P.S.: Anmerkung zum Überdenken:
Das amputierte 'manch' (V 1) und 'solch'(V5, V11) stechen mir ein wenig unschön ins Auge und die Inversion bei
wovon ein jeder selbst sich überzeugen mag:
wie wärs mit:
wovon sich jeder selbst gern überzeugen mag ( ?)

 FrankReich meinte dazu am 19.05.19:
Hi Mona, so ausführliche und gut begründete Kommentare wie Deine sind mir wegen ihrer Konstruktivität die liebsten.
Amputationen allerdings sind nun einmal eine unschöne Angelegenheit, deshalb behält dieses Gedicht sie bei.
Die Inversion habe ich zugunsten Deines Vorschlages sofort eliminiert. Ganz übernehmen möchte ich ihn nicht, da das gern schon hinter der Köchin herläuft.

Ciao, Ralf

P.S. Ich überlege schon die ganze Zeit, ob der Titel nicht ein Fragezeichen vertragen könnte.

P.S.: '-ag' und '-agen' sind grammatikalische Reime, eine Spezialität von mir, die ich trotz ihrer Monotonität gerne "pflege", und die stychische Gestaltung von Sonetten war schon im Barock nicht unüblich.
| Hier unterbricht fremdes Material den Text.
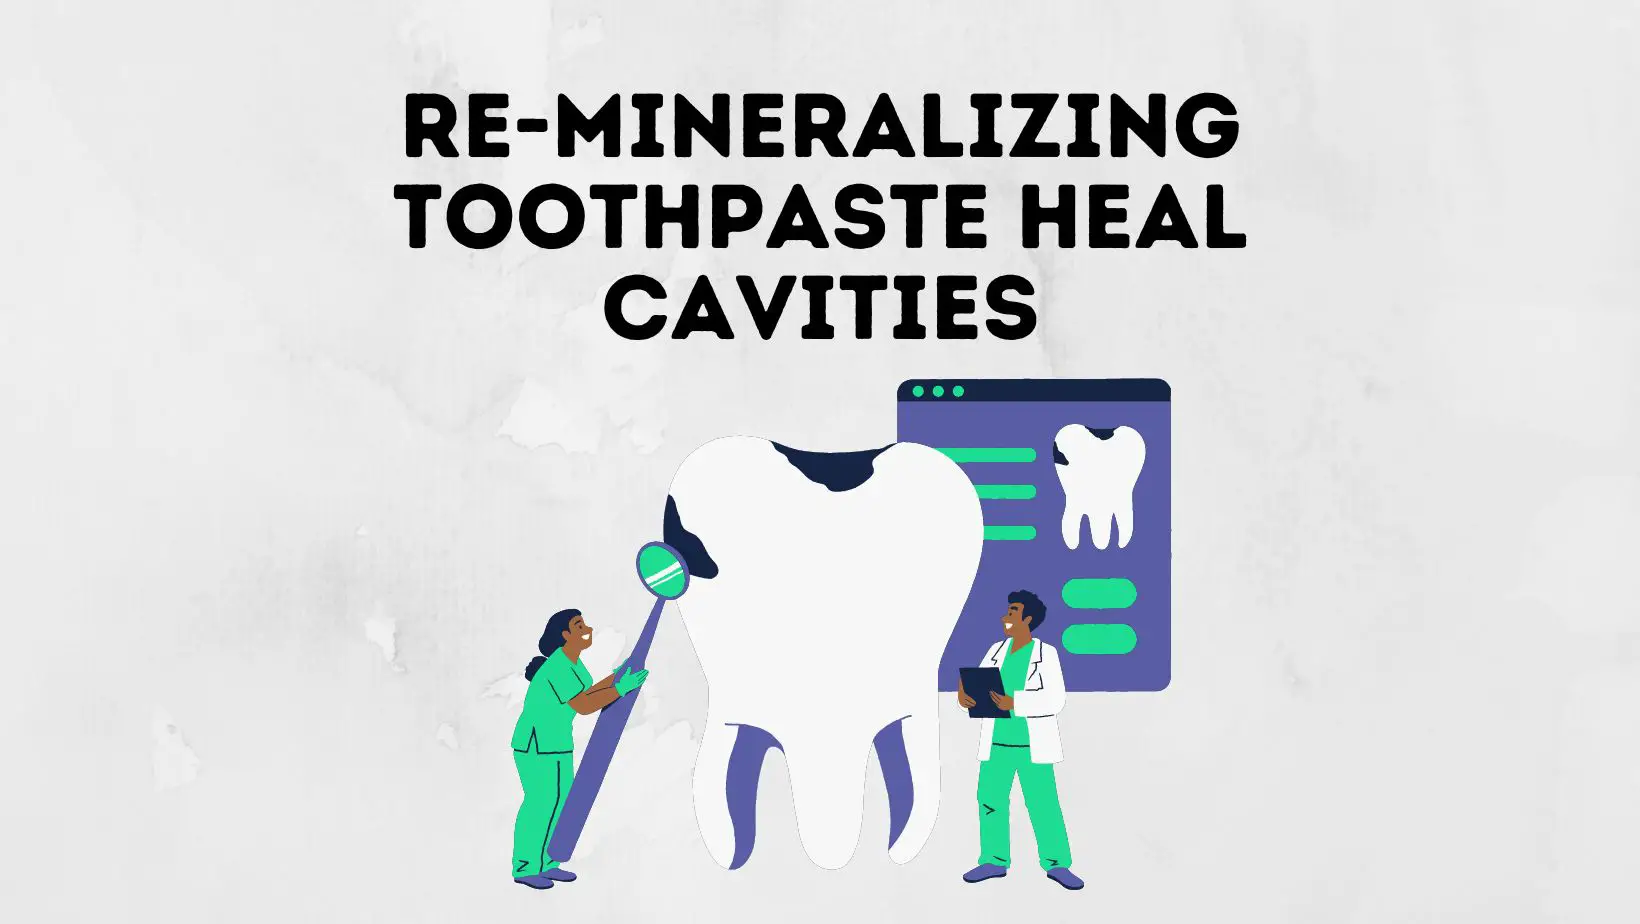 Can Remineralizing Toothpaste Heal Cavities

Antwort geändert am 19.05.2019 um 11:13 Uhr

Antwort geändert am 19.05.2019 um 11:20 Uhr

 EkkehartMittelberg (19.05.19)
Hallo Ralf,
die Verfremdung des Sonetts passt zu der pervertierten Ehe, die Engel mit ihren Flügeln zerschlagen (Exzellente Metapher).
LG
Ekki

 FrankReich antwortete darauf am 19.05.19:
Danke, Ekki, auch für die Empfehlung.

Zur Gesamtsituation der Poetik möchte ich noch hinzufügen, dass es sich ab und an lohnt, ihre starren Regeln entweder auf,- oder gar völlig zu brechen, denn nur auf diese Weise findet Entwicklung statt, und das beziehe ich sogar auf die moderne Dichtung, z. B. bezüglich ihrer Stilmittel, die m. E. nach Jandl und Gomringer den Rückzug angetreten haben.
Kennst Du z. B. Durs Grünbein? Ich denke schon Hinter dieser Größe können sich manche Schöngeister xx verstecken.

Ciao, Ralf

 EkkehartMittelberg schrieb daraufhin am 19.05.19:
Ja, dem stimme ich gerne zu.

 Didi.Costaire (19.05.19)
Beim Lesen kriege ich gleich Lust auf Kaffee Hag
und sende einen schönen Gruß aus Kopenhagen.

Dirk

 FrankReich äußerte darauf am 19.05.19:
Hi Dirk, Rumpelstilzchen? Das hat Dir der Teufel gesagt. :D

Ciao, Ralf

P. S.:

Lebenserhaltungsbeiträge

Ein alter Ägypter lebte den Tag,
denn wie die Dinge nun immer auch lagen,
so zeigte er sich doch ziemlich beschlagen,
und testete sein Herz bei jedem Schlag.

Er gedachte dabei folgenden Tagen,
damit er nicht doch noch dem Tod erlag.
Was er sich sonst noch gedacht haben mag,
schlug ihm wohl doch etwas auf den Magen.

Denn um das nächste Jahrzehnt zu ertragen,
baute er sich einen Sarkophag
als reinen Lebenserhaltungsbeitrag.

Doch Belebung liegt kaum in Sarkophagen.
Spät erwachte im fernen Kopenhagen
die Moral der Geschichte: Kaffee Hag.

Ist noch eine Skizze, deshalb besser auf diesem Weg.

Antwort geändert am 19.05.2019 um 20:53 Uhr

 Didi.Costaire ergänzte dazu am 19.05.19:
Dann hoffe ich, die Absicht bleibt nicht vag
und ohne Zögern sitzt du schon im Wagen.
Führt dich dein Weg auch fälschlich nach Den Haag,
so bringt ein Käffchen dir doch Wohlbehagen.